State ‘Mini-TCPA’ Telemarketing Laws Continue to Proliferate

TCPA Connect

States are continuing their focus on telemarketing, with updates and new laws in Arizona, Florida, Maryland, Mississippi, Tennessee and Washington, and a bill in Georgia waiting on a gubernatorial signature. Many of these are arguably more expansive than what federal law requires, and some have criminal penalties.

Below are highlights of what the states are up to.
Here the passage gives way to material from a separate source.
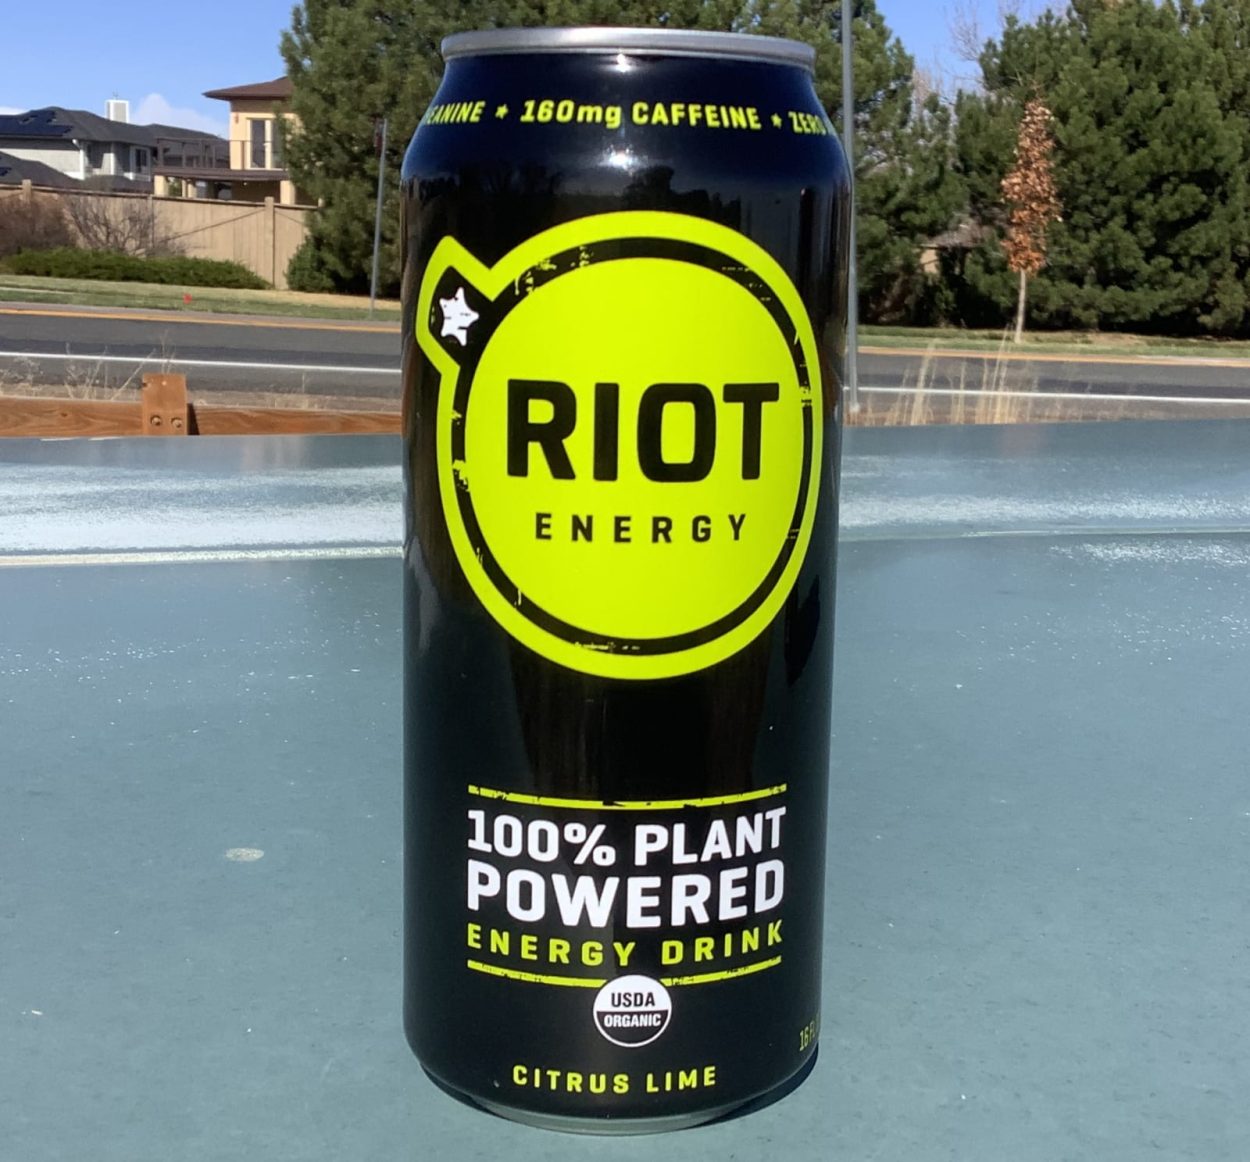 Riot energy is a natural energy drink

  • Arizona. Lawmakers enacted a new measure to add text messages to the state’s existing telemarketing law. House Bill 2498 took immediate effect on April 12 with a signature from Governor Katie Hobbs. The state Attorney General is tasked with enforcement, with fines of up to $1,000 per violation.
  • Florida. In 2021, Florida enacted a “mini-TCPA” known as the Florida Telephone Solicitation Act (FTSA). After two years of litigation and copycat laws in Washington and Oklahoma, the Florida state legislature amended the controversial statute. House Bill 761, passed by the Florida Legislature and signed into law by Governor Ron DeSantis on May 25, 2023, makes major changes, including narrowing the categories of equipment that are covered by the statute (while still including the transmission of a prerecorded voicemail), expanding the definition of “signature” to allow acts such as checking a box and creating a 15-day notice and cure period before a plaintiff can file suit in text message cases. Importantly, the amendments apply retroactively to any pending FTSA class action that has not been certified by its effective date, though that aspect may be challenged in the courts. The bill is in immediate effect.
  • Georgia. Passed by both the Senate and the House, Senate Bill 73 amends existing telemarketing law in the state to provide a private right of action for violations, removes the terms “knowing” and “knowingly” from the current law, and reduces the potential fine for each violation from $2,000 to $1,000. In addition, and perhaps most significantly, the bill expressly allows individuals to file suit for violations on behalf of a putative class. It also added a potential defense for calling a number provided in error, but it removes the defense of not knowing a solicitation was made by a third party unless there are “established policies and procedures to effectively prevent telephone solicitations in violation of this Code section and mandated and enforced compliance with such policies and procedures.”
  • Maryland. In the Stop the Spam Calls Act of 2023, state lawmakers passed a law prohibiting telephone solicitations that involve “an automated system for the selection or dialing telephone numbers” or “the playing of a recorded message when connection is completed to the number called” without first obtaining prior express written consent. This definition is a dramatic expansion of what the Supreme Court held to be an autodialer in Facebook, and expressly applies to systems that automatically select numbers to be dialed. The new law—set to take effect on January 1, 2024—also places time and numerical restrictions, banning calls between the hours of 8 p.m. and 8 a.m., and limiting calls to the same number to no more than three times in a 24-hour period. Maryland state officials are authorized to enforce the law, with fines of up to $1,000 or one year’s imprisonment or both; injunctive relief or civil damages may also be awarded.
  • Mississippi. Set to take effect on July 1, House Bill 1225 added new definitions to the Mississippi Telephone Solicitation Act and clarified language regarding the use of the National Do Not Call Registry. It also transferred authority from the Public Service Commission to the state’s Attorney General.
  • Tennessee. Similar to Arizona, the state legislature passed a measure that adds text messages to the existing state law on telemarketing. Senate Bill 868 takes effect on July 1.
  • Washington. The state passed a comprehensive piece of legislation establishing a private right of action for plaintiffs to seek injunctive relief and recover actual damages or $1,000 for violations as of July 4. The Robocall Scam Protection Act prohibits commercial solicitations using an “automatic dialing and announcing device,” which it defines as “a system which automatically dials telephone numbers and transmits a recorded or artificial voice message once a connection is made,” including if the message “goes directly to a recipient’s voicemail.” It also bans “assisting in the transmission” of prohibited solicitations, as well as telephone solicitations to numbers on the National Do Not Call Registry, and knowingly causing any caller ID service to transmit misleading, inaccurate or false caller identification information.

Why it matters: As more and more states enact new laws or amend existing regulations, companies need to be aware of the potential for liability not only on a federal level but also in various jurisdictions across the country. Compliance with the Telephone Consumer Protection Act alone may not be enough.